И все-таки это продолжает забавлять меня. Как много нам с Роном потребовалось мужества на то, чтобы пригласить сестер Патил — снова Патил! — на Бал на четвертом курсе! Мы краснели, мялись, путались в самых простых фразах… До того разговора с Гермионой, когда она сказала, что я общаюсь с девочками как-то слишком легко, не испытывая замешательства, мне не приходило в голову сравнивать ощущения от того приглашения с ощущениями от нынешней непринужденной болтовни — хоть с Лавандой, хоть с Луной.
Не знаю, когда я изменился. Не знаю, что послужило причиной — может быть, то, что в конце концов Чу предпочла мне Майкла Корнера? Мне никого не хотелось видеть рядом с собой, кроме нее. Она так долго владела моими мыслями — почти до окончания пятого курса.
Потом перестала — и как раз наступило лето.

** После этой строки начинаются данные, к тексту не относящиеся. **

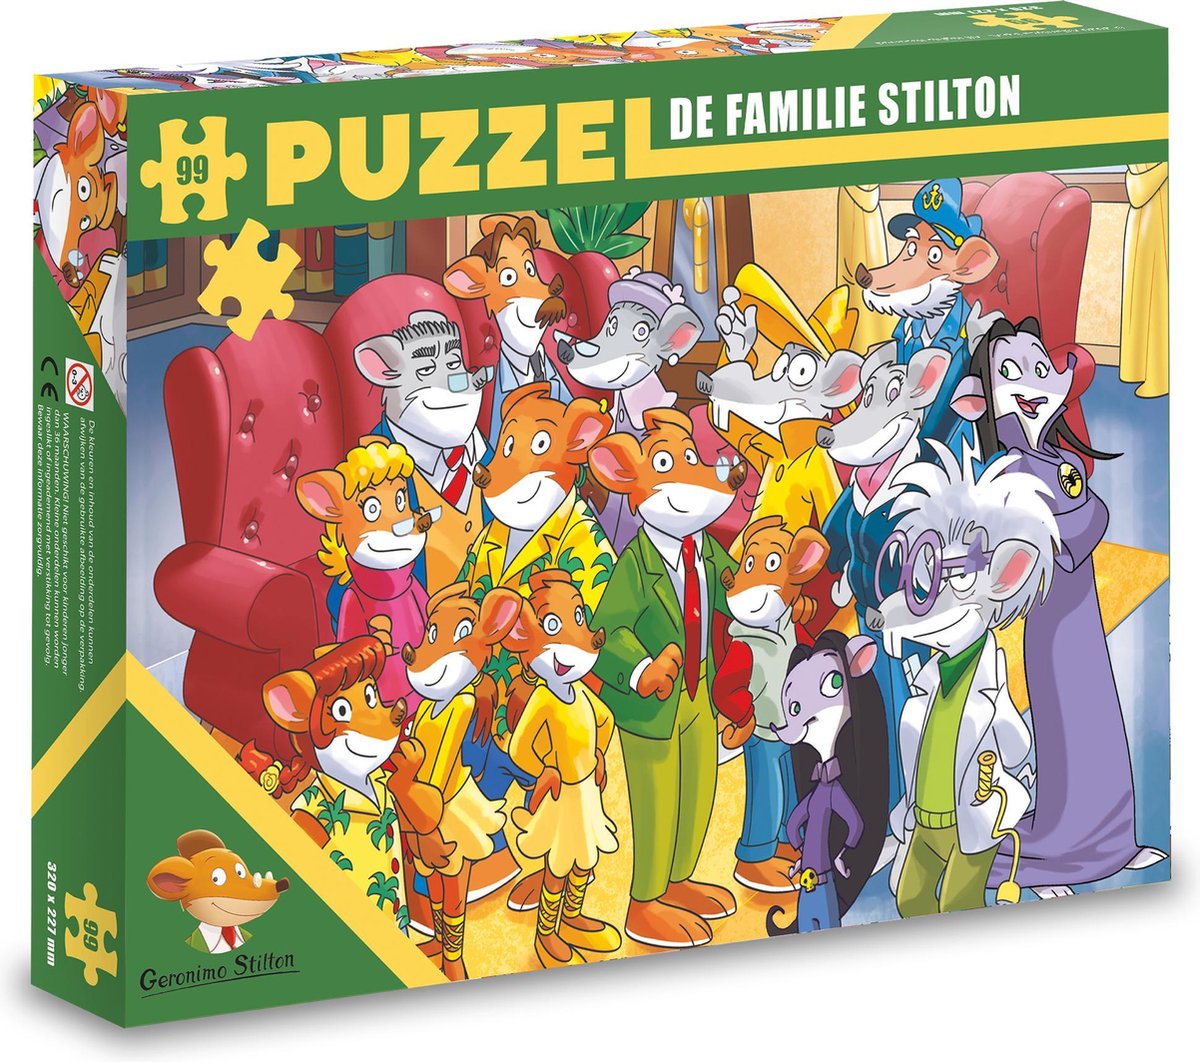 Puzzel – De familie Stilton (99)

Очередное полусумасшедшее лето с Дурслями, которые теперь опасаются меня, как бомбы с дымящимся фитилем — такими образными сравнениями начала мыслить тетя Петунья.
Лето, наполненное непреходящей тоской по Сириусу, тихой, но неотступной.
Лето, проведенное среди людей — поскольку теперь я уже свободно посещал друзей и получал совиную почту — и все-таки наедине с собой.
А когда лето кончилось и я вернулся в Хогвартс — чтобы увидеть, что мое расписание теперь дополнено спецкурсами у профессоров МакГонагалл, Флитвика и Снейпа — мне стало и вовсе не до того, чтобы задуматься, почему девушки перестали занимать мое воображение. До того ли в условиях необъявленной магической войны?
…Но как раз в сентябре я и вынужден был признаться себе, что хитрю. Именно когда наша жизнь оказалась под ежедневной угрозой уничтожения, чувственность обострилась до предела — не только у меня. Вся школа словно вернулась в солнечный апрель, время любви — да там и осталась. Записки передавались почти открыто, свидания назначались при свете дня…
А мне начали сниться совершенно неожиданные и непристойные сны.
От них я просыпался со стонами, горящими щеками — и мокрыми пятнами на простынях. Мне снились кентавры, гордо вздымающие передние копыта, а руками ласкающие мускулистые обнаженные торсы друг друга, кентавры — во всей красе демонстрирующие великолепные длинные члены. Мое воображение не щадило меня — я видел их соития, видел, как раскрываются темные анусы под гордо реющими по ветру хвостами, слышал стоны, переходящие к концу в яростно-страстный конский визг, чувствовал резкий запах разгоряченной кожи… Не знаю, встречаются ли среди кентавров такие, что пробовали хоть малую толику из того, что мне снилось. Не спрашивать же у Флоренца: «Простите, а вы всегда покрываете только кобыл?»…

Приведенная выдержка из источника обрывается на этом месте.